News Release

JAMA study: Long hours equal to alcohol in impairing young doctors

Peer-Reviewed Publication

Brown University

PROVIDENCE, R.I. -- Fatigued medical residents' performance on attention tests and on a driving simulator is comparable – or worse – than their performance after drinking three to four cocktails, according to research from Brown Medical School and University of Michigan.
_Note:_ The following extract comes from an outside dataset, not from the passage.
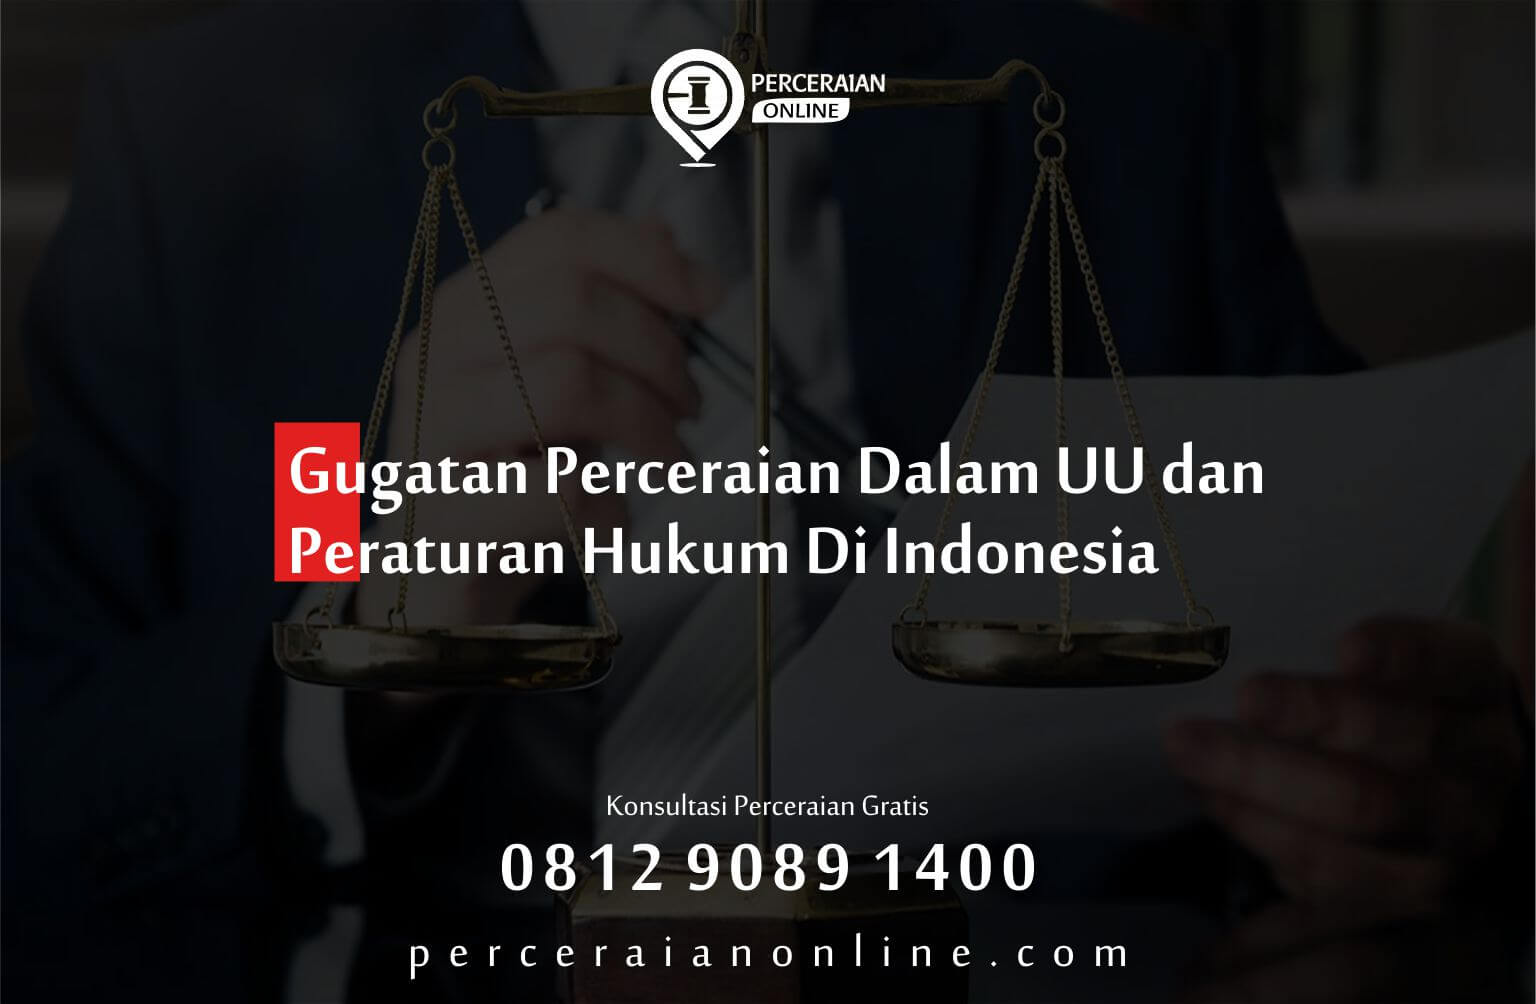 Gugatan Perceraian Dalam Uu Dan Peraturan Hukum Di Indonesia

The negative effects of fatigue on doctors-in-training are well documented and increasingly a matter of concern. In July 2003, the Accreditation Council for Graduate Medical Education instituted a landmark 80-hour-per-week limit on the nation's roughly 98,000 residents.

But the latest study, published in the current issue of JAMA, is the first to compare residents' sleep deprivation with alcohol ingestion – a standard of impairment long studied by researchers and easily recognized by the public.

"The take-home message here is that the repercussions of fatigue on residents are considerable," said Judith Owens, director of the Pediatric Sleep Disorders Clinic at Hasbro Children's Hospital and associate professor of pediatrics at Brown Medical School. "This is a national problem, and we shouldn't consider it solved by an 80-hour cap on hours."

Owens, a pediatrician who was involved in a serious car accident after an overnight shift as a resident, helped create the Sleep, Alertness, and Fatigue Education in Residency (SAFER) Program used in residency programs across the nation. She said regulators, hospitals and medical schools must keep pushing to protect residents – and the public – from work-related fatigue.

"We have to continue to educate doctors-in-training," Owens said, "and we should help them develop sleep risk-management strategies. This is particularly important since our study shows that many sleep-starved residents don't recognize that they're impaired."

Mary A. Carskadon, director of the Bradley Hospital Sleep and Chronobiology Research Lab and professor of psychiatry and human behavior at Brown Medical School, said further reducing residents' hours need not be the only solution to the problem.

"We could improve on-call sleeping quarters, provide rides to and from work, reinforce the importance of catching up on sleep after heavy call," Carskadon said. "Because there is a risk to residents and to other drivers – and that risk needs to be managed."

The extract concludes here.